> **Work task**
Output the data below exactly, images excluded.

> **Stored data**
*** Begin section ***

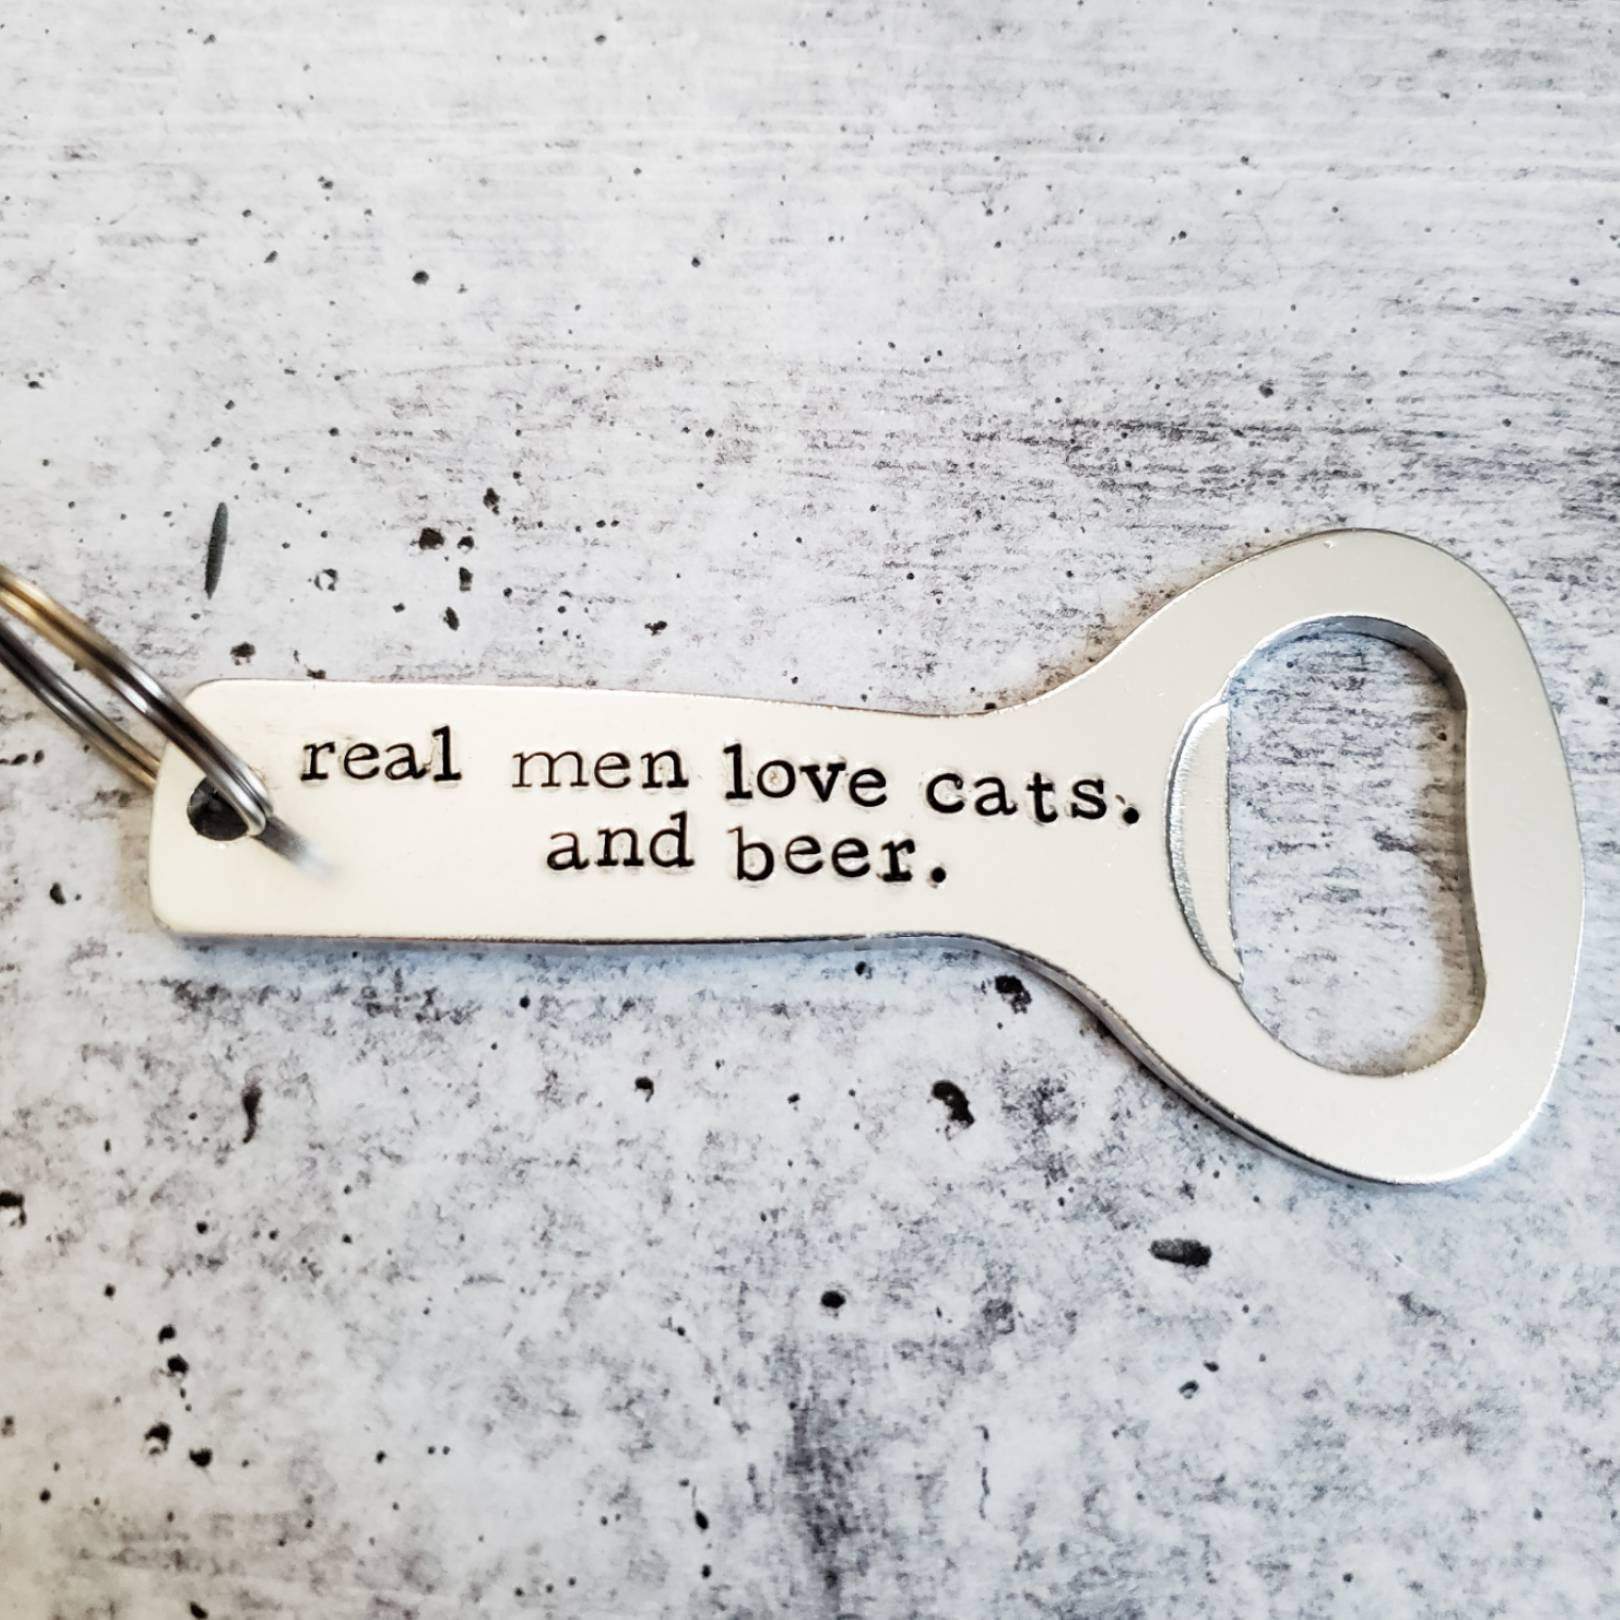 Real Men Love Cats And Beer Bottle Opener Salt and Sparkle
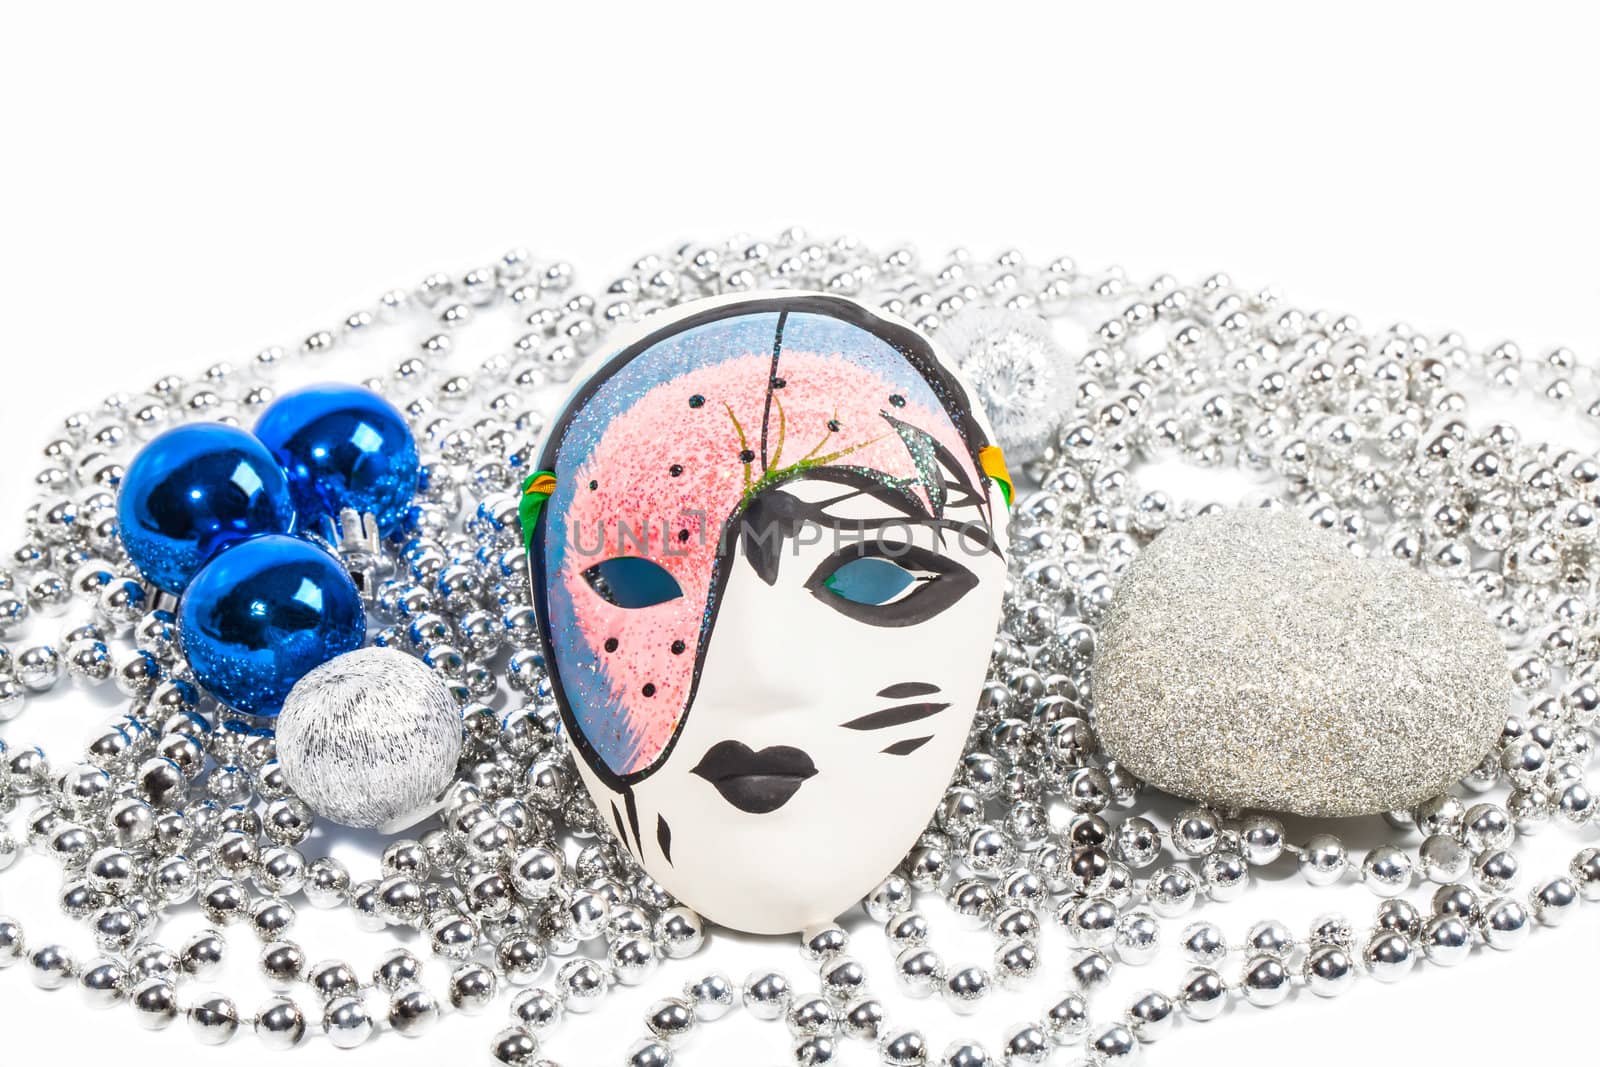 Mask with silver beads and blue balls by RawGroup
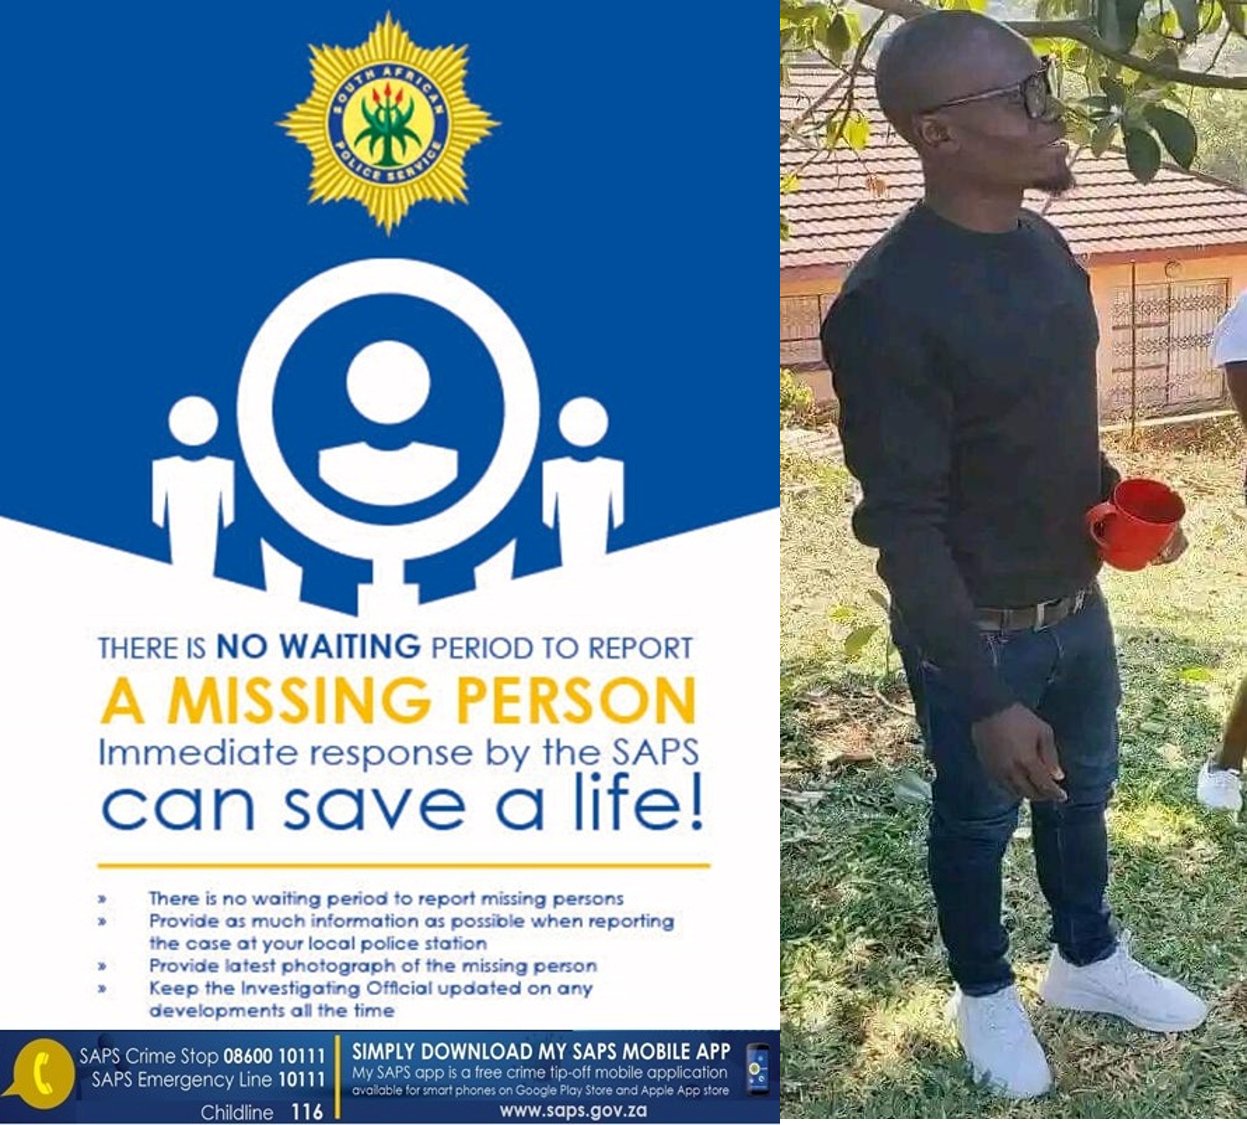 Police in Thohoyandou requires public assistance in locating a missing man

*** End section ***

> **Exercise solution**
 Real Men Love Cats And Beer Bottle Opener Salt and Sparkle
 Mask with silver beads and blue balls by RawGroup
 Police in Thohoyandou requires public assistance in locating a missing man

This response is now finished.